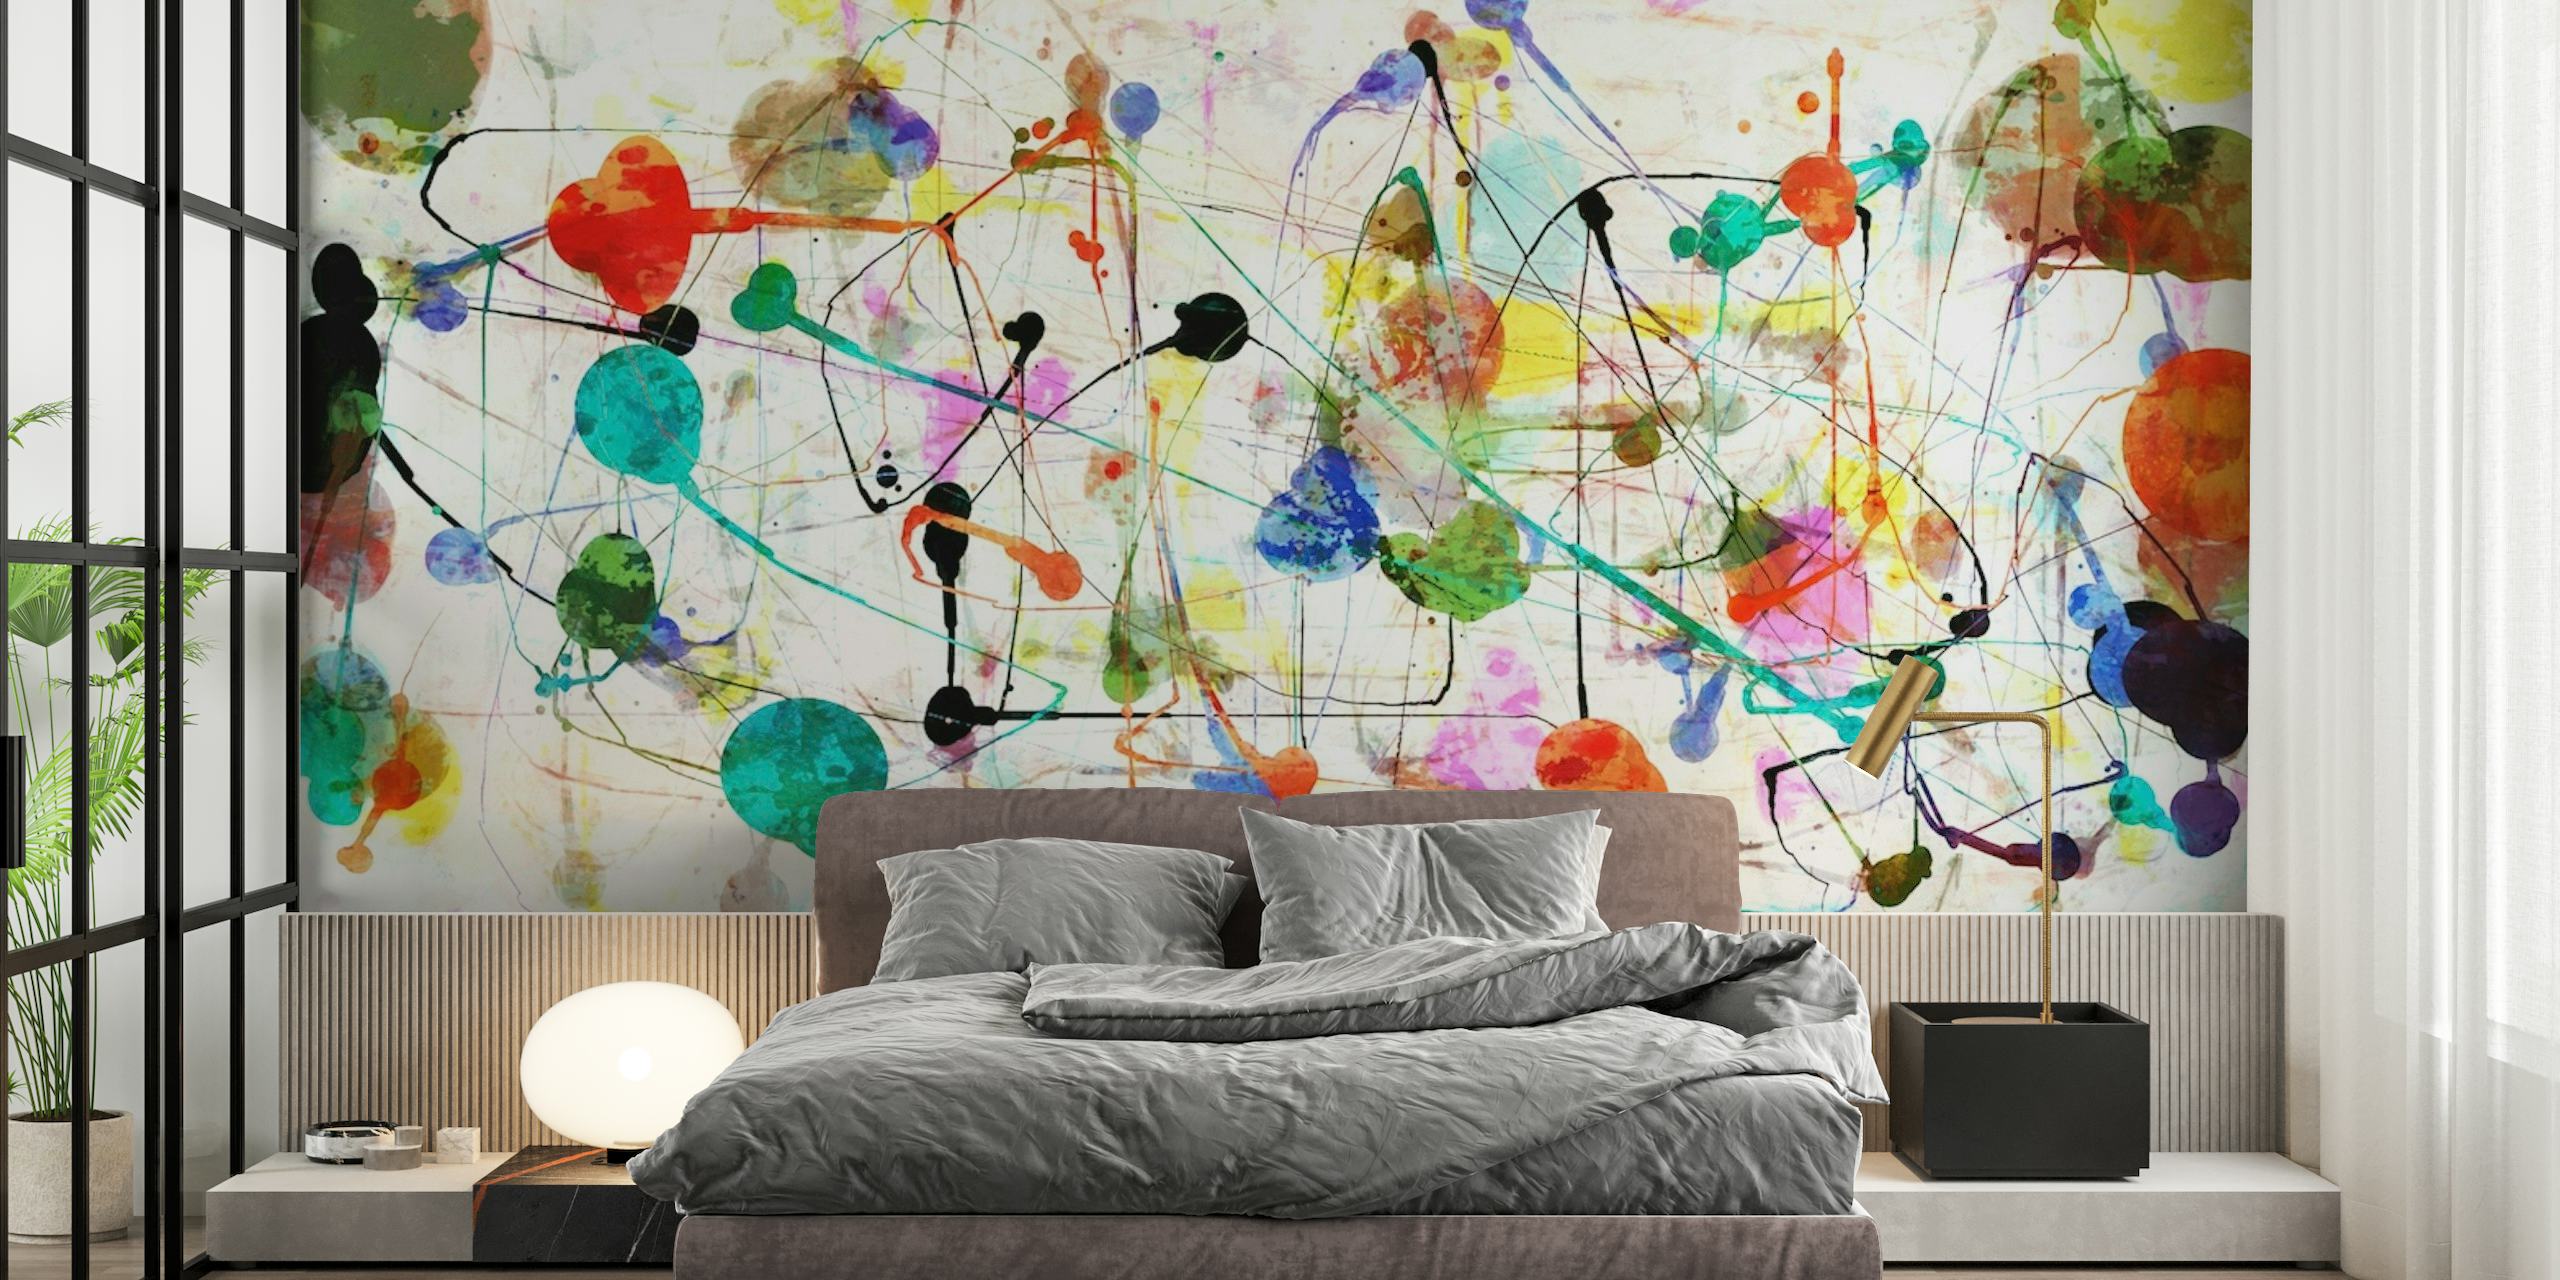 Panoramic Pollock Party behang
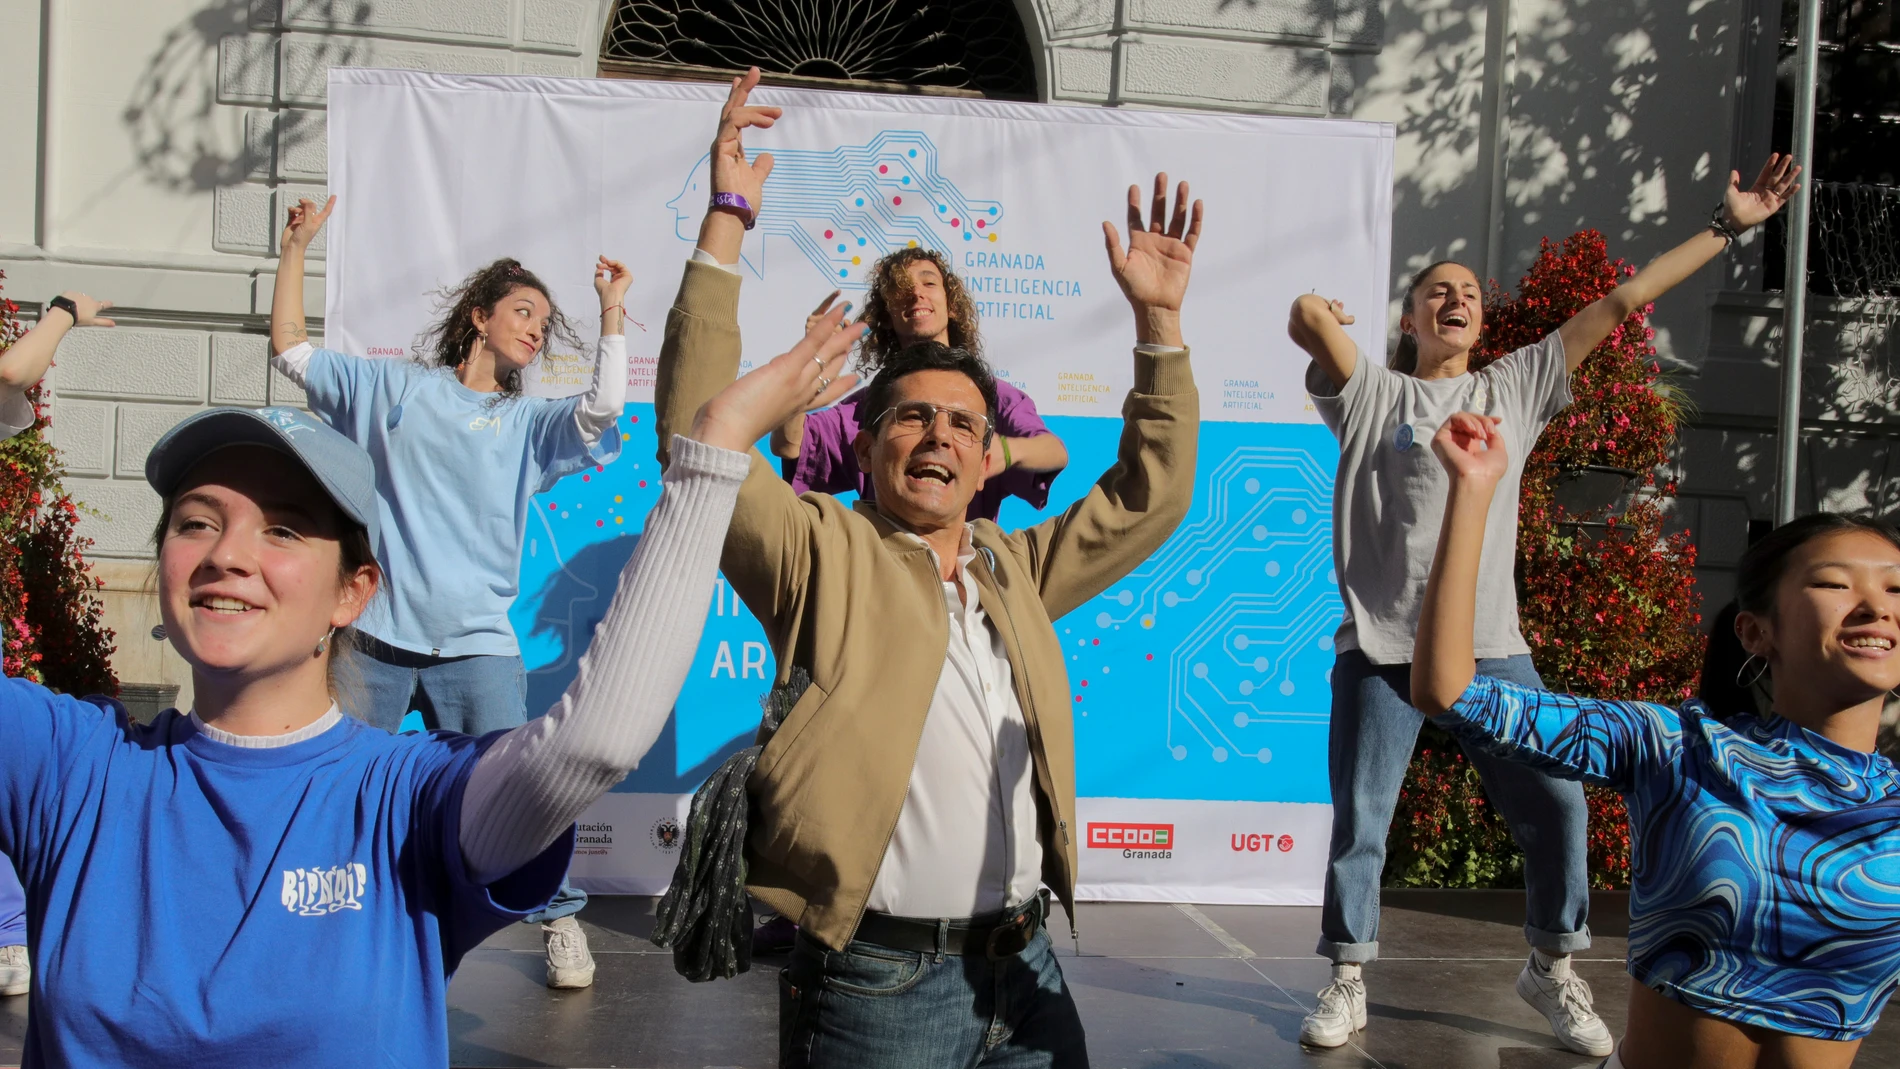 El alcalde de Granada, Paco Cuenca participa en el espectáculo de flasmob multitudinario celebrado este domingo en la plaza del Carmen de Granada
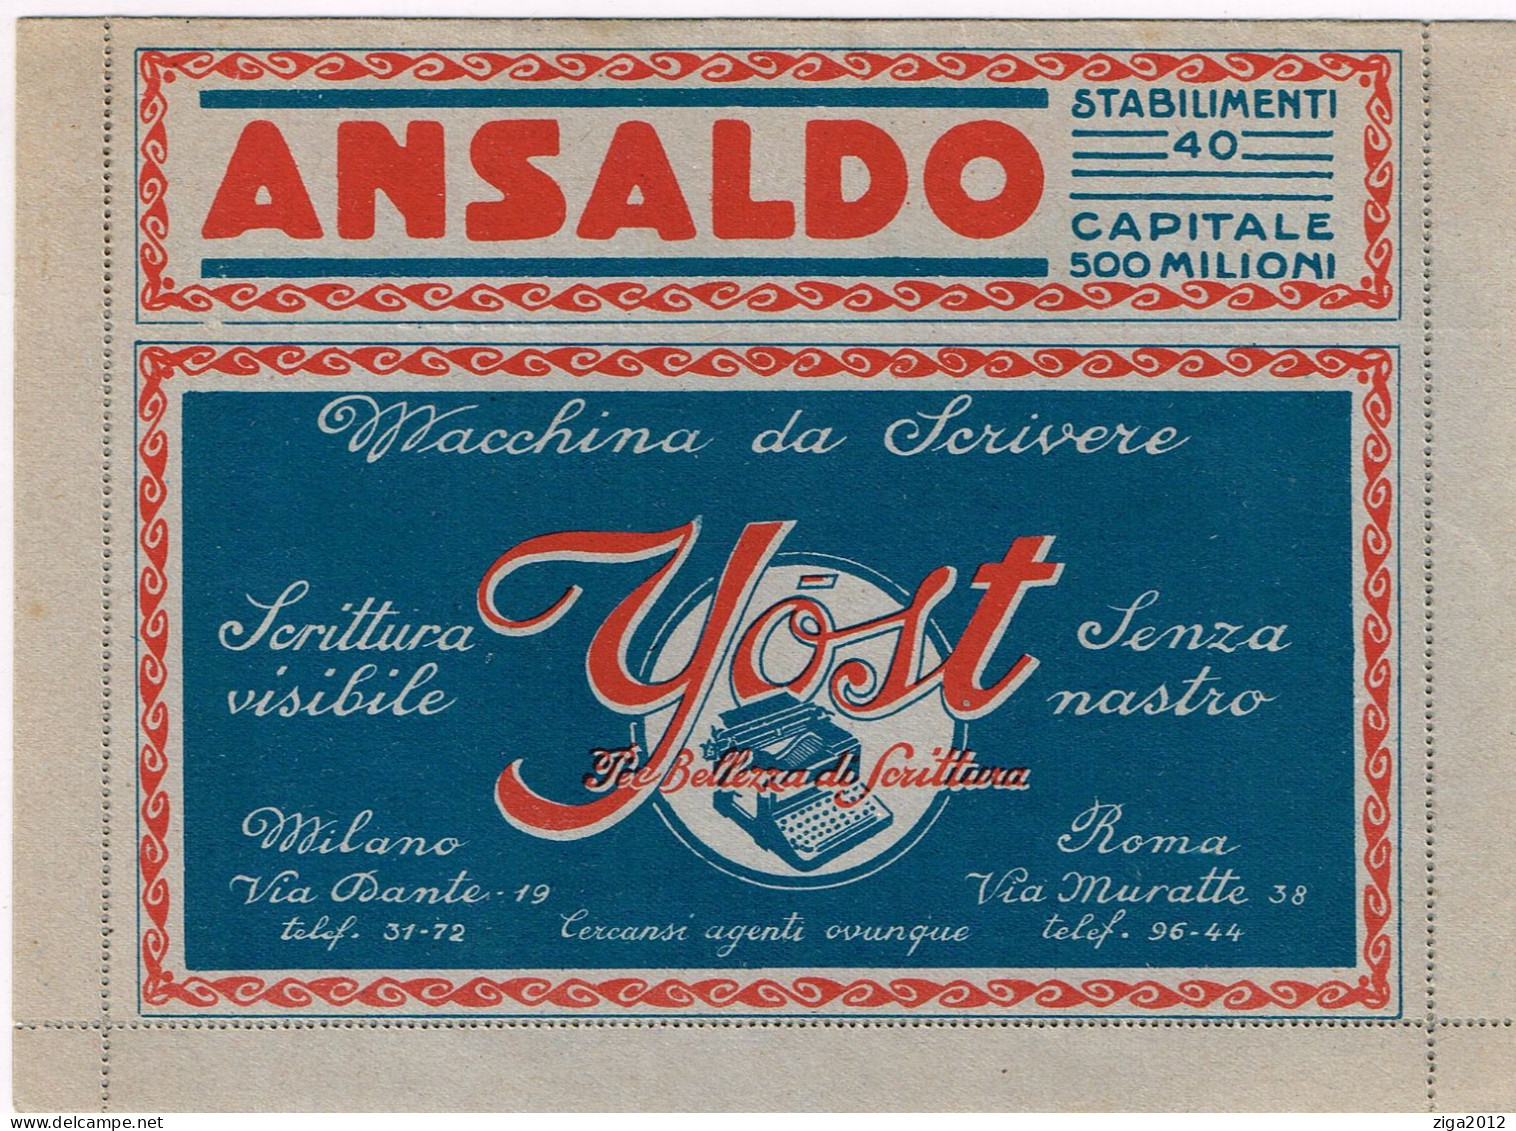 ITALY 1921 B.L.P. BUSTA LETTERA POSTALE CON C.25 I° TIPO NUOVA E COMPLETA - Publicité

== TASK DETAILS ==
Please copy the data shown above word for word, omitting the pictures.

== WRITTEN SOLUTION ==
 Panoramic Pollock Party behang
 El alcalde de Granada, Paco Cuenca participa en el espectáculo de flasmob multitudinario celebrado este domingo en la plaza del Carmen de Granada
 ITALY 1921 B.L.P. BUSTA LETTERA POSTALE CON C.25 I° TIPO NUOVA E COMPLETA - Publicité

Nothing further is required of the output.